Session: Optimisation and machine learning in energy
Chair: Hongyu Zhang
Cluster: Optimization Applications (Communication, Energy, Health, ML, ...)
Talk 1: A Computationally Efficient Cutting Plane Modelling to Generate Alternatives Algorithm
Speaker: Michael Lau
Abstract: Contemporary macro-energy systems modelling is characterized by the need to represent energy systems strategic and operational decisions with high temporal and spatial resolution, which provides more accurate results than more abstracted models. This drive towards greater fidelity, however, conflicts with a push towards greater model representation of inherent complexity in decision-making, including methods like Modelling to Generate Alternatives. Modelling to Generate Alternatives aims to map the feasible space of a model within a cost slack by varying investment parameters without changing the operational constraints, a process which frequently requires hundreds of solutions. For large, highly representative energy system models this is impossible with traditional methods, leading researchers to reduce complexity with either more zonal or temporal aggregation. This research presents a new solution method for Modelling to Generate Alternatives-type problems. Using Cutting Plane methods based on a reformulation of Bender’s Decomposition, we break down the problem structure into a strategic master problem and operational subproblems and pass information between master problems to accelerate convergence with each new objective. We find that our new solution method is several times faster and requires less memory than existing parallelized monolithic Modelling to Generate Alternatives solution methods, enabling rapid computation of a greater number of solutions to highly resolved models.

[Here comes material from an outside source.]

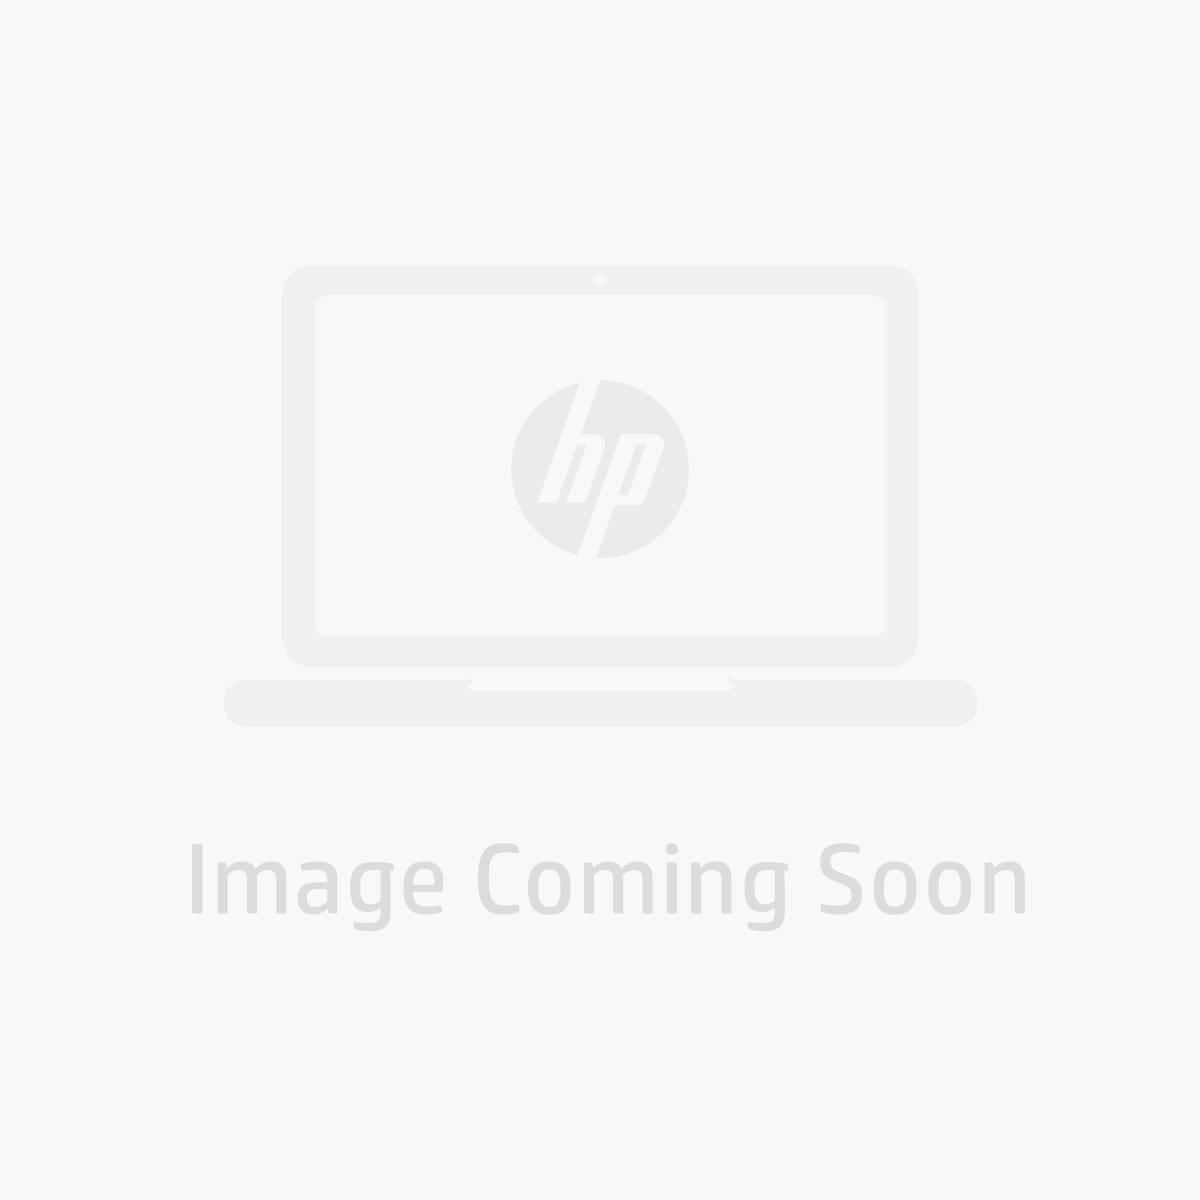 HP Pavilion i5 8th Gen 690-002ni Gaming Desktop with NVIDIA® GeForce® GTX 1050Ti in Black

Talk 2: Multi-timescale stochastic programming with application in power systems
Speaker: Yihang Zhang
Abstract: We introduce a multi-timescale stochastic programming framework for decision-making under multi-timescale uncertainty. Aggregated state variables are used to coordinate decisions across timescales, similar to the role of state variables in a multistage problem. Based on this setup, we describe instantiation strategies that use either multi-horizon scenario trees (to model multi-lag dependence on a timescale) or a specialized value function to fully exploit independence of the randomness within the timescale. We develop decomposition algorithms (price-directive or resource-directive) to incrementally approximate and solve the resulting problem. In addition to techniques used in multistage problems, we describe solution-reusing heuristics to accelerate the solution process by leveraging similarities between subproblems.
Talk 3: A Deep Generative Learning Approach for Two-stage Adaptive Robust Optimization
Speaker: Aron Brenner
Abstract: Two-stage adaptive robust optimization (ARO) is a powerful approach for planning under uncertainty, balancing first-stage decisions with recourse decisions made after uncertainty is realized. To account for uncertainty, modelers typically define a simple uncertainty set over which potential outcomes are considered. However, classical methods for defining these sets unintentionally capture a wide range of unrealistic outcomes, resulting in overly-conservative and costly planning in anticipation of unlikely contingencies. In this work, we introduce AGRO, a solution algorithm that performs adversarial generation for two-stage adaptive robust optimization using a variational autoencoder. AGRO generates high-dimensional contingencies that are simultaneously adversarial and realistic, improving the robustness of first-stage decisions at a lower planning cost than standard methods. To ensure generated contingencies lie in high-density regions of the uncertainty distribution, AGRO defines a tight uncertainty set as the image of “latent" uncertainty sets under the VAE decoding transformation. Projected gradient ascent is then used to maximize recourse costs over the latent uncertainty sets by leveraging differentiable optimization methods. We demonstrate the cost-efficiency of AGRO by applying it to both a synthetic production-distribution problem and a real-world power system expansion setting. We show that AGRO outperforms the standard column-and-constraint algorithm by up to 1.8% in production-distribution planning and up to 11.6% in power system expansion.